Community: The forgotten pillar

Why community tends to get left behind by it’s more ‘serious’ sibling - sustainability.


It's 2026 and every large business has a sustainability strategy. Net zero targets, supply chain ethics, governance frameworks. All of it documented, signed off, and published — and rightly so. The legislative pressure is intense and increasing, the scrutiny is firm, and the environmental stakes are (increasingly) obvious.

Problem is, somewhere in all that focus on the harder, measurable stuff, something keeps getting left behind.

Community is usually palmed off with a donations budget, a volunteering day, and a paragraph near the back of the annual report.
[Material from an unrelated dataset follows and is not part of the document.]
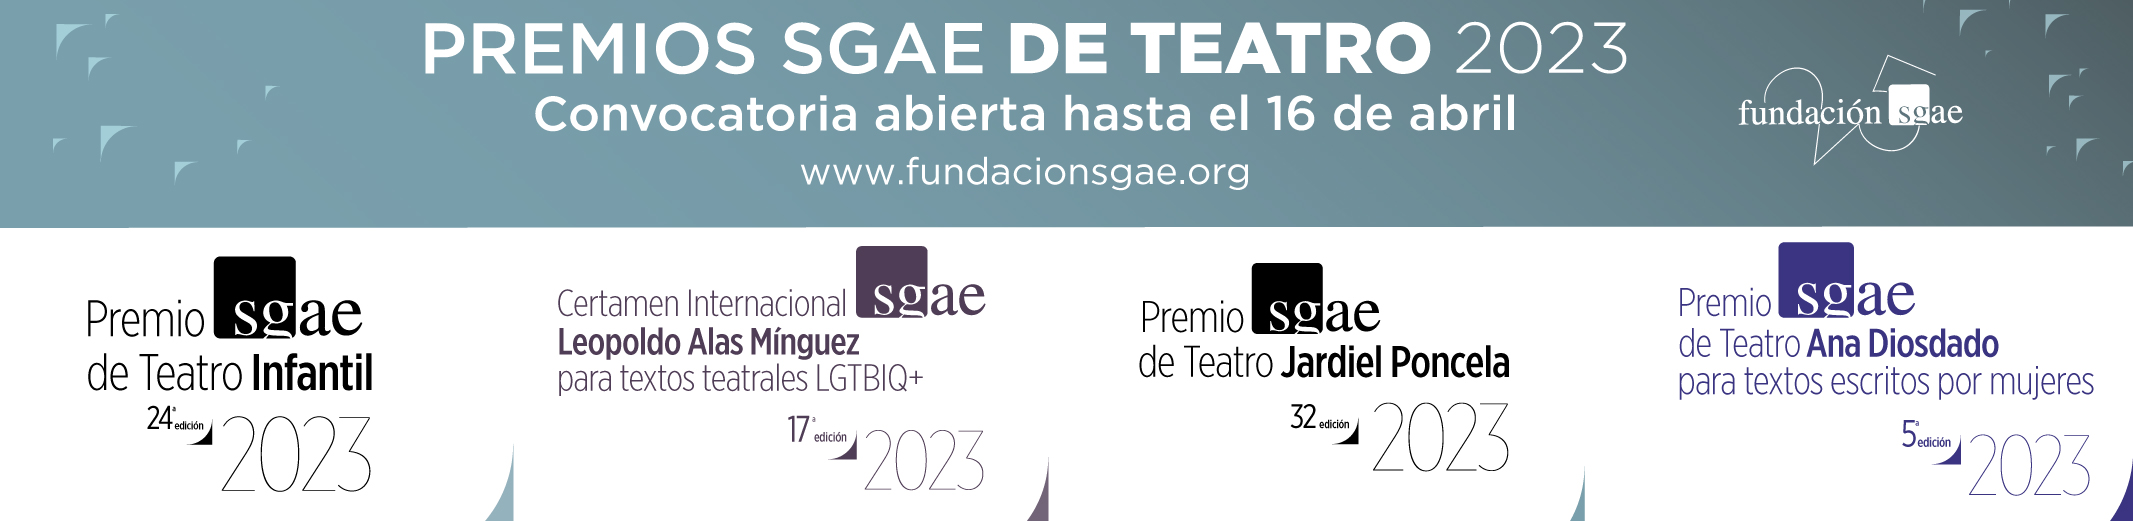 Fundación SGAE Premios Teatro 2023 1024x250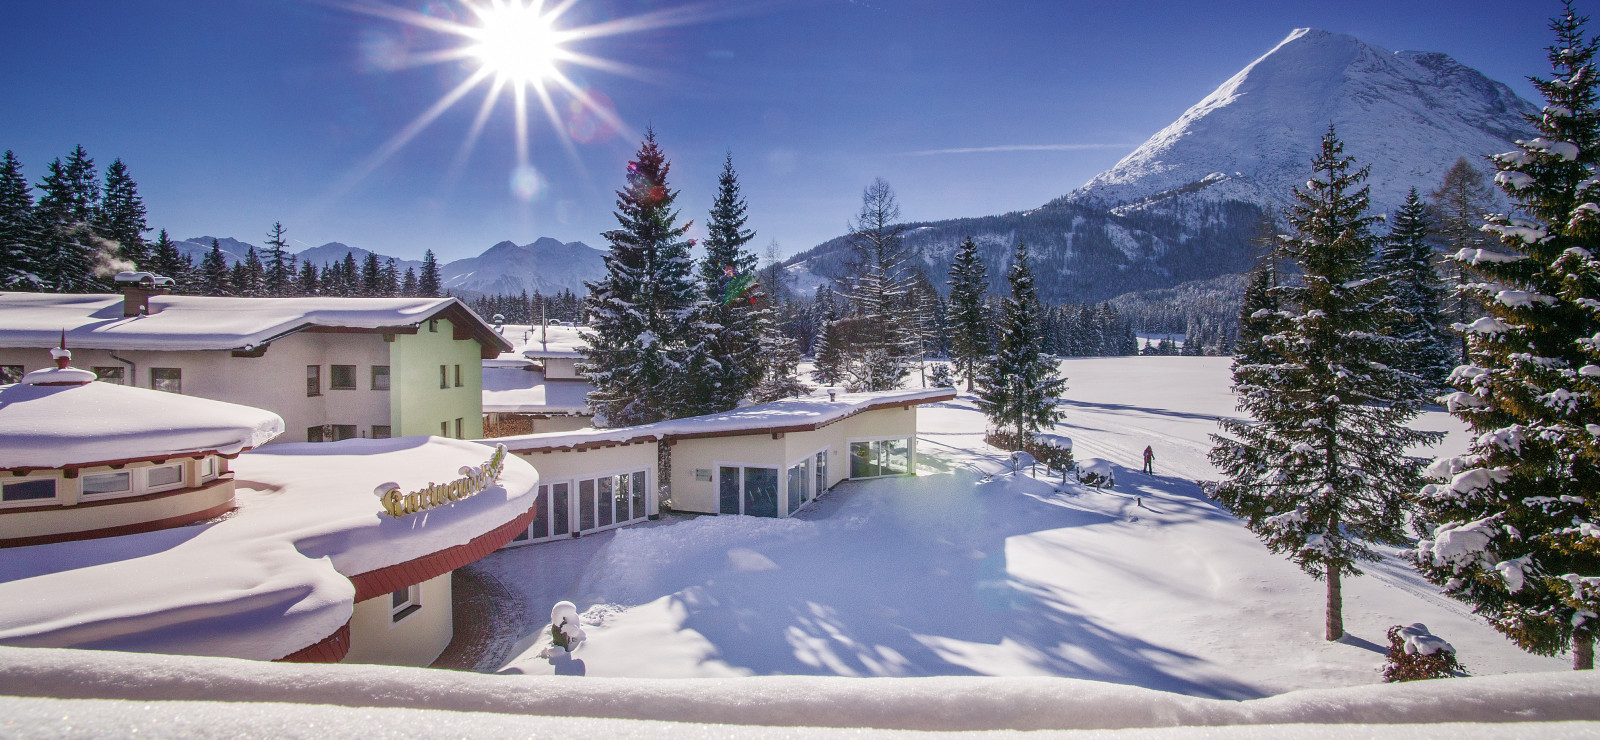 Alpenhotel Karwendel Bilder | Bild 1

For us, that's a strange miss. We repeatedly see community work land as one of the most effective places to assign resource if you want better, longer-lasting relationships with the people your organisation is actually for. More so now than ever.

Connect2 Comparison
What gets measured
Carbon emissions
Scope 1, 2 & 3 — tracked, reported, legislated
Supply chain ethics
Audited suppliers, modern slavery statements
Board diversity
Gender & ethnicity — disclosed in annual reports
ESG scores
Indexed, rated, benchmarked against peers
What gets left behind
Local communities
The people living where the business actually operates
Trust — built over time
Slow, relational, hard to quantify — so rarely tracked
Lived experience
What life actually feels like in the places you trade
Genuine dialogue
Not surveys. Not consultations. Actual conversation.

Why community measures feel 'soft'

ESG gave organisations a clear, quantifiable language for environmental and governance performance. Carbon gets measured, tracked, and reported with ever-increasing rigour. 98% of S&P 500 companies now publish sustainability reports (Governance & Accountability Institute, 2025). Community investment — the people living and working in the places where those same businesses actually operate — never got the same architecture.

So it stayed soft. Nice to have. Discretionary. The first thing to get cut when budgets tighten.

The consequences aren't hard to spot. Only 28% of UK citizens believe businesses give back to society in a meaningful way (Edelman, 2023). That's not cynicism at the fringes. It's the mainstream view — and it represents a significant untapped opportunity for the businesses willing to take it seriously.

What "community" actually means

Community engagement tends to get lumped in with philanthropy. Charity partnerships, volunteering days, local sponsorships. Some of that has genuine value. But it isn't the same as a community strategy.

A strategy starts from a different question. Not "what can we give?" but "what do the places we operate in actually need — and what are we genuinely well-placed to offer?"

That shift in mindset matters more than it sounds. When organisations design community work around what they want to do, or what photographs well, communities notice. 61% of people believe brands support social causes primarily for PR reasons (Edelman, 2023). That scepticism has been earned — but it also means the bar for standing out is lower than you'd think.

Connect2 Chart
Public perception — UK
%61
of people believe brands support social causes primarily for PR reasons
Edelman Trust Barometer, 2023
%28
of UK citizens believe businesses give back to society in a meaningful way
Edelman Trust Barometer, 2023

Why it keeps going wrong

The failures aren't usually from lack of intention. They're structural, and they repeat.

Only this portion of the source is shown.